» How to complete this task: Exactly reproduce the lines from the top of the entries below through the line containing "Persona davanti ad", with both ends included.

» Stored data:
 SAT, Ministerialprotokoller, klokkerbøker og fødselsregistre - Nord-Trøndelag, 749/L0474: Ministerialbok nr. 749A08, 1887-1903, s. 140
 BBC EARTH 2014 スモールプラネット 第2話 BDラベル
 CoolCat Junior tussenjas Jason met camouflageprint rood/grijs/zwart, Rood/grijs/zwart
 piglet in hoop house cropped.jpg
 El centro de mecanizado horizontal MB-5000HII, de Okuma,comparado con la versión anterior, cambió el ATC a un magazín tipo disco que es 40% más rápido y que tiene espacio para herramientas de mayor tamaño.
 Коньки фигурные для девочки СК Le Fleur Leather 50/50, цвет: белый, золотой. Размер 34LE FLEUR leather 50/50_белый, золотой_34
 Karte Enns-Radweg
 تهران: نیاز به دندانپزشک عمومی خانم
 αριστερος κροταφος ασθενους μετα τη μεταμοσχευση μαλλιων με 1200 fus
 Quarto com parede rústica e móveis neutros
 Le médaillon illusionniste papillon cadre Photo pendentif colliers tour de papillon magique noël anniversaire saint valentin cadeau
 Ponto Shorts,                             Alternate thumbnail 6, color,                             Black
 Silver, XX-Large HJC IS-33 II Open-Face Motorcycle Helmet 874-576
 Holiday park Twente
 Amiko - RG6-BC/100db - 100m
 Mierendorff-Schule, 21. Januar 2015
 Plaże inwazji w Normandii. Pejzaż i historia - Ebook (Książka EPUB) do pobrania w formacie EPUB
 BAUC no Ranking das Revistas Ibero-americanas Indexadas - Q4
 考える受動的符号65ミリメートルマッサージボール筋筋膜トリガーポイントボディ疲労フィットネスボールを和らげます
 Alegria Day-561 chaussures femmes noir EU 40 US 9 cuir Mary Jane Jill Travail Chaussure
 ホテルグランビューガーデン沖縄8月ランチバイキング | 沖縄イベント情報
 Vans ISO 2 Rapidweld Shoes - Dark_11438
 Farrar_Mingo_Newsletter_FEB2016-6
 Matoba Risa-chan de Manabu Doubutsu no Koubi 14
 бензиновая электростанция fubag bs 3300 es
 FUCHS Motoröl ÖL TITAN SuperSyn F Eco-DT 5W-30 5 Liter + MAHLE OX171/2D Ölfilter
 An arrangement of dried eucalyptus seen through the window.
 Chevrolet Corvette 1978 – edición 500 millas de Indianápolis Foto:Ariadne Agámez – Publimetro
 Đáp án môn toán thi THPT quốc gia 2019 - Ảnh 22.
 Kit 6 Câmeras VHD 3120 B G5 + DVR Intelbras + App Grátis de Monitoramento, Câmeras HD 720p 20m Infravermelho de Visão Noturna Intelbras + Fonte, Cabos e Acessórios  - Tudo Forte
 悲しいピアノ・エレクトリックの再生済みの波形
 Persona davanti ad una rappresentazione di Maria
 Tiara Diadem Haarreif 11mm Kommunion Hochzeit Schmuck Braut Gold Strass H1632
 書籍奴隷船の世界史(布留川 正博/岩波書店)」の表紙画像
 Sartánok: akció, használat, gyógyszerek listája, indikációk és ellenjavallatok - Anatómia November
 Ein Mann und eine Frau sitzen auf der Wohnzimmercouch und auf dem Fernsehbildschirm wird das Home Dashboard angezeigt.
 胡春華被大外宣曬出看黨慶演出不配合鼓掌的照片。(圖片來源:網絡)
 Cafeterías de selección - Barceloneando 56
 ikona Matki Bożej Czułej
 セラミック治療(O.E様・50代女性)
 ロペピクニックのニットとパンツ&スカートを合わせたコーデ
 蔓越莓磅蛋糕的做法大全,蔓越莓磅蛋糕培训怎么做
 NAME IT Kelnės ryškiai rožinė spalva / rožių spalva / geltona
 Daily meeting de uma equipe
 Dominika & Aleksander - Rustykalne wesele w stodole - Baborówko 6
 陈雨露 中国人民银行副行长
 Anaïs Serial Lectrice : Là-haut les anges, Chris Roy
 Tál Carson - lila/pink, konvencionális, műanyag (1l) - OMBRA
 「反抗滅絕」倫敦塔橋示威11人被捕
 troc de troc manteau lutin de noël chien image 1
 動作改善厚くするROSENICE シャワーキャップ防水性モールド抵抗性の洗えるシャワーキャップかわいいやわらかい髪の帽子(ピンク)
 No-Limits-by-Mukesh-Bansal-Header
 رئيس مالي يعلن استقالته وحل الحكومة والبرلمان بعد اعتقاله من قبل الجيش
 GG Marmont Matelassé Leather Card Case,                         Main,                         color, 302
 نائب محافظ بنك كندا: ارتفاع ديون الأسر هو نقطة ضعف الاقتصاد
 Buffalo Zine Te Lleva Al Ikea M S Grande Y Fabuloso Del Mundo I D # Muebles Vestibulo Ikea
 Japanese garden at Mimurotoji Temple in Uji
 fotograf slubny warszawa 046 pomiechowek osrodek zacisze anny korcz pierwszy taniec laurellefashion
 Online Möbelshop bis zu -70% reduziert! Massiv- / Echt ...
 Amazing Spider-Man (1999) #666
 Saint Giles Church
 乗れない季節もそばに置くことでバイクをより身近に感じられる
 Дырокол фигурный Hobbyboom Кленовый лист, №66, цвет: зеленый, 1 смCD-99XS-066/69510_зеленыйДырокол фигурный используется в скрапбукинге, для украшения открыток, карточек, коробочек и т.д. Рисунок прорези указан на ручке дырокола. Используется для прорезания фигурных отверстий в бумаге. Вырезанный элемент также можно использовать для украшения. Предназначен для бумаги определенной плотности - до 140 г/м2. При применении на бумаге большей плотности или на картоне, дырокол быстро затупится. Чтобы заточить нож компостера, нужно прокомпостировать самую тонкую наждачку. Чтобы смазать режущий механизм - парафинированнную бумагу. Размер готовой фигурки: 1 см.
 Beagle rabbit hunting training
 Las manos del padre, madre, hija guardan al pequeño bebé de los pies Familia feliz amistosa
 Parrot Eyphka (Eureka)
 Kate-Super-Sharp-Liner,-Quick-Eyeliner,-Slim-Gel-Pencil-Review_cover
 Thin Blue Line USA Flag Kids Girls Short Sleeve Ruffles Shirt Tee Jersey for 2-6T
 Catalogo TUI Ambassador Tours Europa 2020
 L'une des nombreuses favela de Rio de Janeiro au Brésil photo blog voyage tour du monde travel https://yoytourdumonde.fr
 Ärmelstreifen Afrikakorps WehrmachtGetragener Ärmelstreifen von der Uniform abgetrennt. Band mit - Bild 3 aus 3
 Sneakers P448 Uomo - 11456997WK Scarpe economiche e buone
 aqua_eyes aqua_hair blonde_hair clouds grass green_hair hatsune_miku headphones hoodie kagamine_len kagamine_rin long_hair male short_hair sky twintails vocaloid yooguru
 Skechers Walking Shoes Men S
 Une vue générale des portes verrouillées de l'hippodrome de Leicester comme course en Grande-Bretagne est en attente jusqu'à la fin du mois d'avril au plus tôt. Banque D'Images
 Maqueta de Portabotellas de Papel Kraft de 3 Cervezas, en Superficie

» Output:
 SAT, Ministerialprotokoller, klokkerbøker og fødselsregistre - Nord-Trøndelag, 749/L0474: Ministerialbok nr. 749A08, 1887-1903, s. 140
 BBC EARTH 2014 スモールプラネット 第2話 BDラベル
 CoolCat Junior tussenjas Jason met camouflageprint rood/grijs/zwart, Rood/grijs/zwart
 piglet in hoop house cropped.jpg
 El centro de mecanizado horizontal MB-5000HII, de Okuma,comparado con la versión anterior, cambió el ATC a un magazín tipo disco que es 40% más rápido y que tiene espacio para herramientas de mayor tamaño.
 Коньки фигурные для девочки СК Le Fleur Leather 50/50, цвет: белый, золотой. Размер 34LE FLEUR leather 50/50_белый, золотой_34
 Karte Enns-Radweg
 تهران: نیاز به دندانپزشک عمومی خانم
 αριστερος κροταφος ασθενους μετα τη μεταμοσχευση μαλλιων με 1200 fus
 Quarto com parede rústica e móveis neutros
 Le médaillon illusionniste papillon cadre Photo pendentif colliers tour de papillon magique noël anniversaire saint valentin cadeau
 Ponto Shorts,                             Alternate thumbnail 6, color,                             Black
 Silver, XX-Large HJC IS-33 II Open-Face Motorcycle Helmet 874-576
 Holiday park Twente
 Amiko - RG6-BC/100db - 100m
 Mierendorff-Schule, 21. Januar 2015
 Plaże inwazji w Normandii. Pejzaż i historia - Ebook (Książka EPUB) do pobrania w formacie EPUB
 BAUC no Ranking das Revistas Ibero-americanas Indexadas - Q4
 考える受動的符号65ミリメートルマッサージボール筋筋膜トリガーポイントボディ疲労フィットネスボールを和らげます
 Alegria Day-561 chaussures femmes noir EU 40 US 9 cuir Mary Jane Jill Travail Chaussure
 ホテルグランビューガーデン沖縄8月ランチバイキング | 沖縄イベント情報
 Vans ISO 2 Rapidweld Shoes - Dark_11438
 Farrar_Mingo_Newsletter_FEB2016-6
 Matoba Risa-chan de Manabu Doubutsu no Koubi 14
 бензиновая электростанция fubag bs 3300 es
 FUCHS Motoröl ÖL TITAN SuperSyn F Eco-DT 5W-30 5 Liter + MAHLE OX171/2D Ölfilter
 An arrangement of dried eucalyptus seen through the window.
 Chevrolet Corvette 1978 – edición 500 millas de Indianápolis Foto:Ariadne Agámez – Publimetro
 Đáp án môn toán thi THPT quốc gia 2019 - Ảnh 22.
 Kit 6 Câmeras VHD 3120 B G5 + DVR Intelbras + App Grátis de Monitoramento, Câmeras HD 720p 20m Infravermelho de Visão Noturna Intelbras + Fonte, Cabos e Acessórios  - Tudo Forte
 悲しいピアノ・エレクトリックの再生済みの波形
 Persona davanti ad una rappresentazione di Maria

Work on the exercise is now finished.